Often it was hard to distinguish between the 116 voting members and the rest, because everyone seemed to be twisting someone's arm. An IOC security guard explained the confusion: Voting members tended to hide their laminated passes in their jackets.

Stars were abundant, too. Soccer star David Beckham, wearing a three-piece suit and escorted by his wife, Victoria, attended a reception at the British High Commission. Muhammad Ali, a 1960 Olympic boxing gold medalist, lent his clout to New York's bid, delighting onlookers when he did a little feint-and-jab in a hotel lobby.

But the two men seated in the Swissotel lobby, wearing Union Jack sport coats stitched up for $7 by a Bangkok tailor, were neither celebrities nor London delegation members. They were regular blokes -- British expatriates who said they lived in Singapore, and were plumping for London.

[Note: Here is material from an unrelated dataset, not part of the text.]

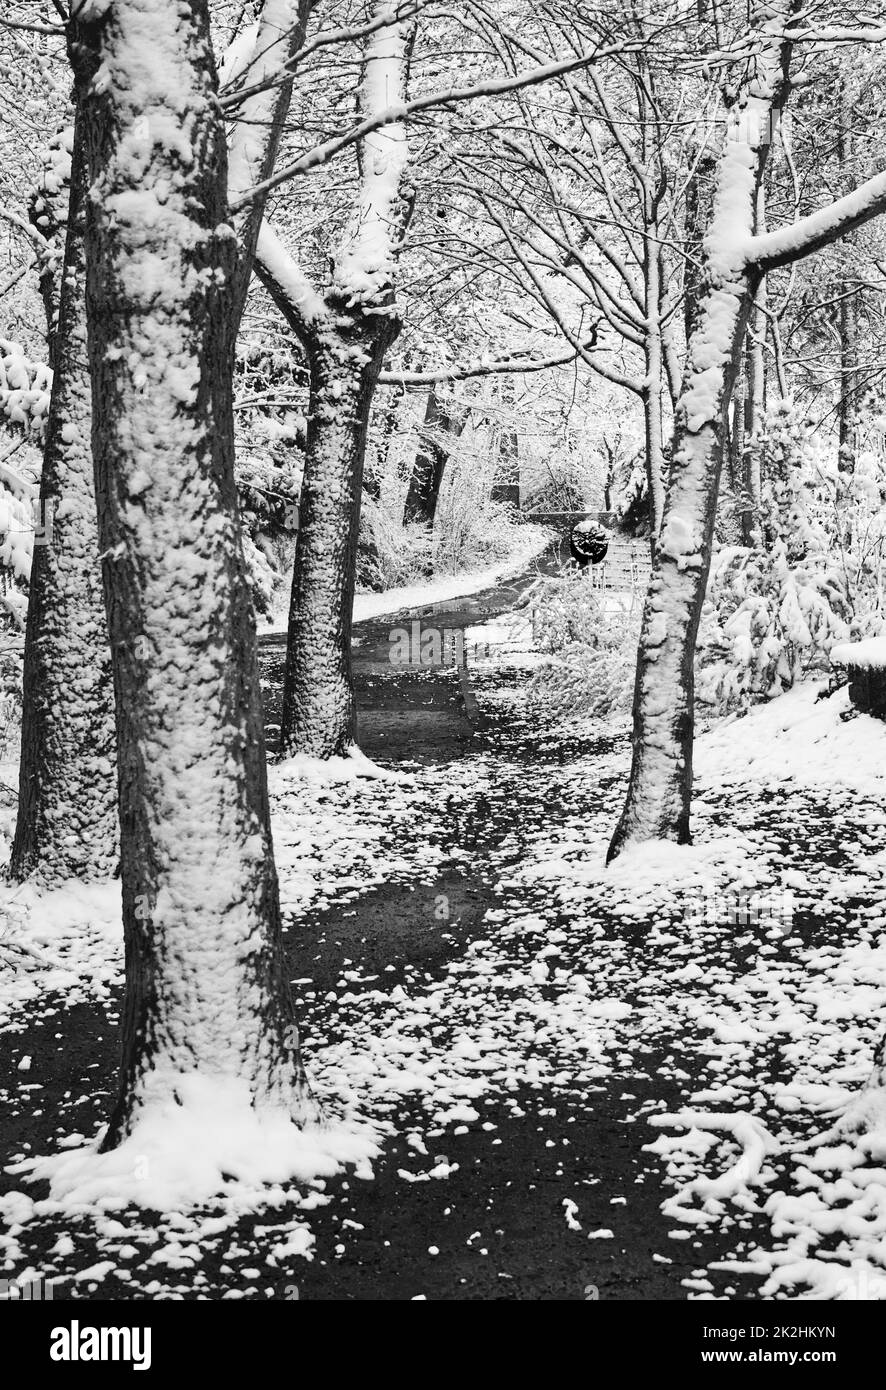 Schneelandschaft mit schneebedeckten Bäumen auf beiden Seiten des Weges, die den Weg zu einem runden Ort - Freizeitbereich markiert. Vergnügungsgebiet in einem Park, Schwarzweißfotografie Stockfoto

And what would a sports-based competition like this be without politics?

Already-frayed relations between Britain and France over European Constitution issues unraveled even more as Chirac, according to the British and French media, made some derisive remarks about "terrible" British food and Britain's bout with mad cow disease over the weekend.

"The only thing they've ever done for European agriculture is mad cow," he reportedly said of Britain. "You can't trust people who have such lousy cooking . . . after Finland, it's the country with the worst food."

Would such remarks damage the G-8 summit? a reporter queried Blair on Tuesday morning.

"Well, I may be staying in Singapore for the rest of the week now," Blair joked, before adding that "the G-8 is going to focus on really important issues and to be quite honest, I'm not going to disparage anybody."

There was also an intrusion of more ominous politics. A Chechen warlord whose group is waging a separatist war against Russia warned on a Web site Tuesday that he could not guarantee the safety of athletes if Moscow was the choice.

Singapore closed the opening ceremony Tuesday night with a spectacular fireworks display that lit the waterfront. It also named an orchid after the occasion: the Vanda IOC.

Blair left Tuesday night for Scotland. Chirac will take part in the Paris presentation of its bid to the IOC on Wednesday morning, then fly to Scotland.

Neither man would be in Singapore for the vote. But the backers of Madrid, Moscow and New York were hoping that wouldn't even matter.

New York Mayor Michael Bloomberg, with "Living Liberty," presses his city's long-shot bid. Paris remains the front-runner. David Beckham, rear, former Olympian Daley Thompson and paralympian Ade Adepitan make their play for London. British Prime Minister Tony Blair greets Sen. Hillary Rodham Clinton in Singapore. Blair left last night for the G-8 meeting in Scotland.